The camp was established in December 1996 to accommodate tens of thousands of refugees from the Democratic Republic of the Congo, both there and in Gihembe refugee camp. Most of the displaced people were Tutsi who fled violence in Masisi in North Kivu between 1995 and 1996. After some returned to the DR Congo, Kiziba refugee camp still serves today as shelter for more than 14,000 refugees. A large share of its inhabitants are now children and young adults who were born in the refugee camp, which has developed into a small town, and grew up there.

Development in figures
| Date | Number of refugees, asylum seekers and others | Source |
|---|---|---|
| April 2021 | 17,264 |  |
| November 2022 | 16,277 |  |
| February 2023 | 15,955 |  |
| September 2023 | 16,076 |  |
| December 2023 | 15,486 |  |
| March 2024 | 14,911 |  |

=== Financial difficulties ===
Because of a lack of funding, UNHCR and the World Food Programme reduced food assistance by 10 percent in November 2017 and by a further 25 percent in January 2018. In 2018, the Rwandan government also banned the use of firewood. Since then, UNHCR has provided monthly financial support to refugees to enable them to buy fuel for cooking. In 2023, financial assistance from UNHCR and the World Food Programme was reduced because of funding gaps. Monthly assistance for refugees in the first category fell from 8,600 RWF to 5,600 RWF; for refugees in the second category it fell from 5,600 RWF to 2,800 RWF, while support for refugees in the third category was discontinued entirely. In cooperation with organizations such as Practical Action and the Deutsche Gesellschaft für Internationale Zusammenarbeit (GIZ), contact has been made with suppliers of equipment such as sewing machines, refrigerators and solar-powered lamps in order to provide their products at subsidized prices and enable refugees to pursue income-generating activities.
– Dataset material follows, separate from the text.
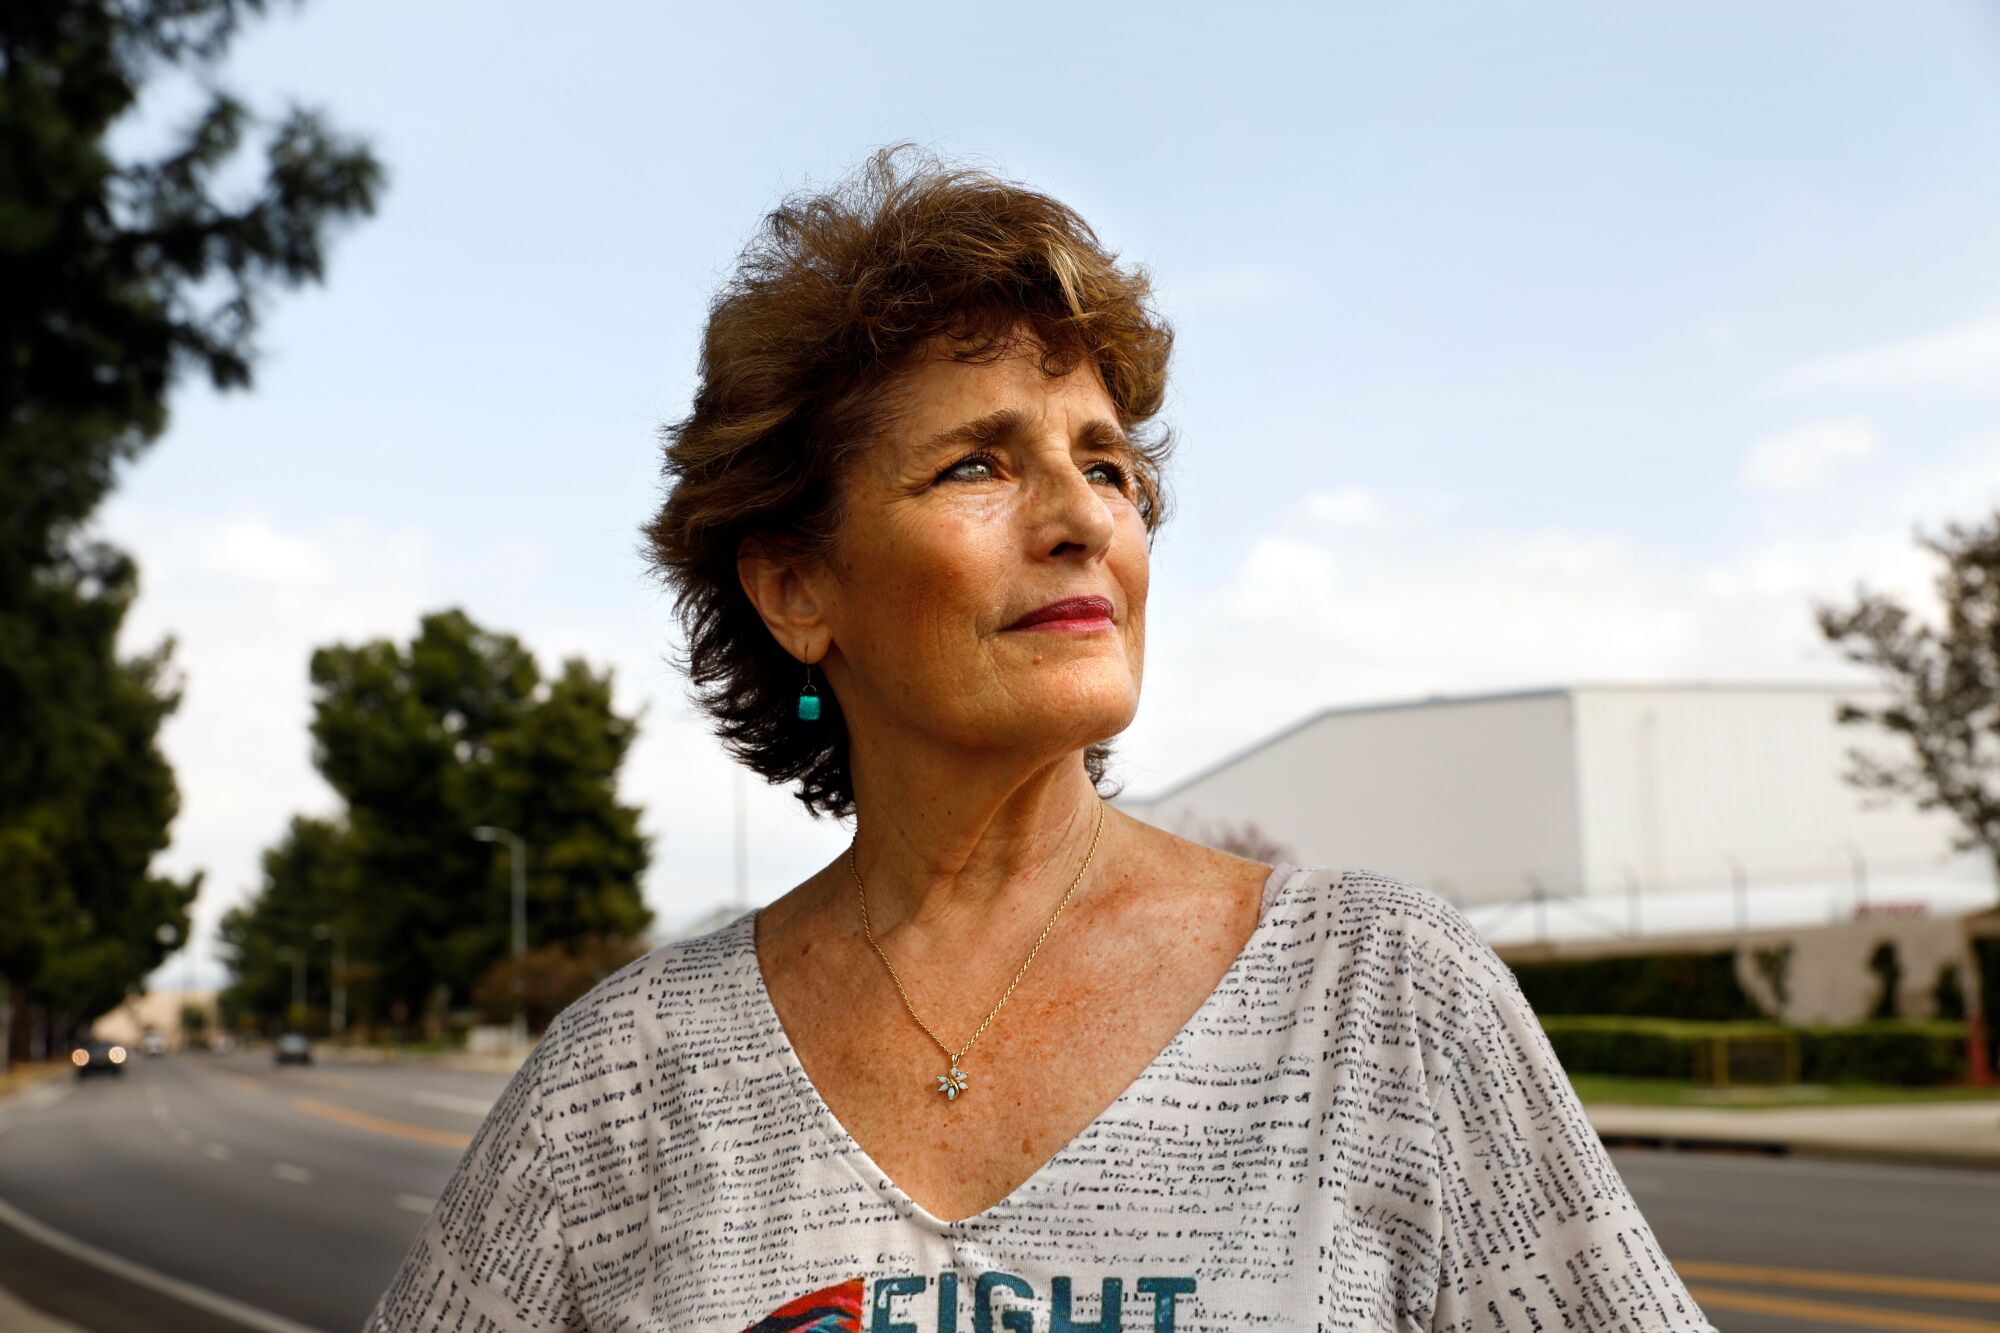 Sue Steinberg stands on a residential street in Lake Balboa; airplane hangars are visible behind her.

=== Protests and police violence ===
On 22 February 2018, police violently dispersed a sit-in that had been taking place for three days in front of the UNHCR office in Karongi District. Hundreds to thousands of refugees had marched there on 20 February from Kiziba refugee camp, 15 kilometres away. The refugees were protesting against reduced food assistance. In attempting to break up the protest, police initially used tear gas. A few minutes later, police opened fire. According to UNHCR, eight people were killed, including five refugees. Others, including UNHCR staff and police officers, were injured. According to UNHCR, three more refugees died from gunfire in Kiziba refugee camp on the same day. The Rwandan police, however, later confirmed a total of five deaths across both locations. In the aftermath, the police contingent in the refugee camp was increased. The additional police forces arrived on 20 April. Further conflicts between refugees and police occurred in April and May, and another refugee was killed. Human rights organizations such as Amnesty International and Human Rights Watch criticized the inadequate investigation of the deaths.

== Education and health ==
Children living in the camp are integrated into the national education system in accordance with the Convention Relating to the Status of Refugees. According to UNHCR, in November 2022, 743 children from the camp attended an early childhood development facility, 3,018 attended primary school and 1,377 attended secondary school. The attendance rate was 95.5 percent. In 2015, UNHCR and the non-profit organization Kepler also established the Kepler University Campus for tertiary education; by 2022, around 300 students had graduated there.

The refugee camp has a health centre that also serves the Rwandan population in surrounding areas. It includes a maternity ward, a laboratory, treatment rooms, a pharmacy and an inpatient ward.

== Sport ==
The camp takes part in the annual Refugee Inter-camp Games. At these games, refugees from the various refugee camps in Rwanda compete against one another in sports such as basketball and football.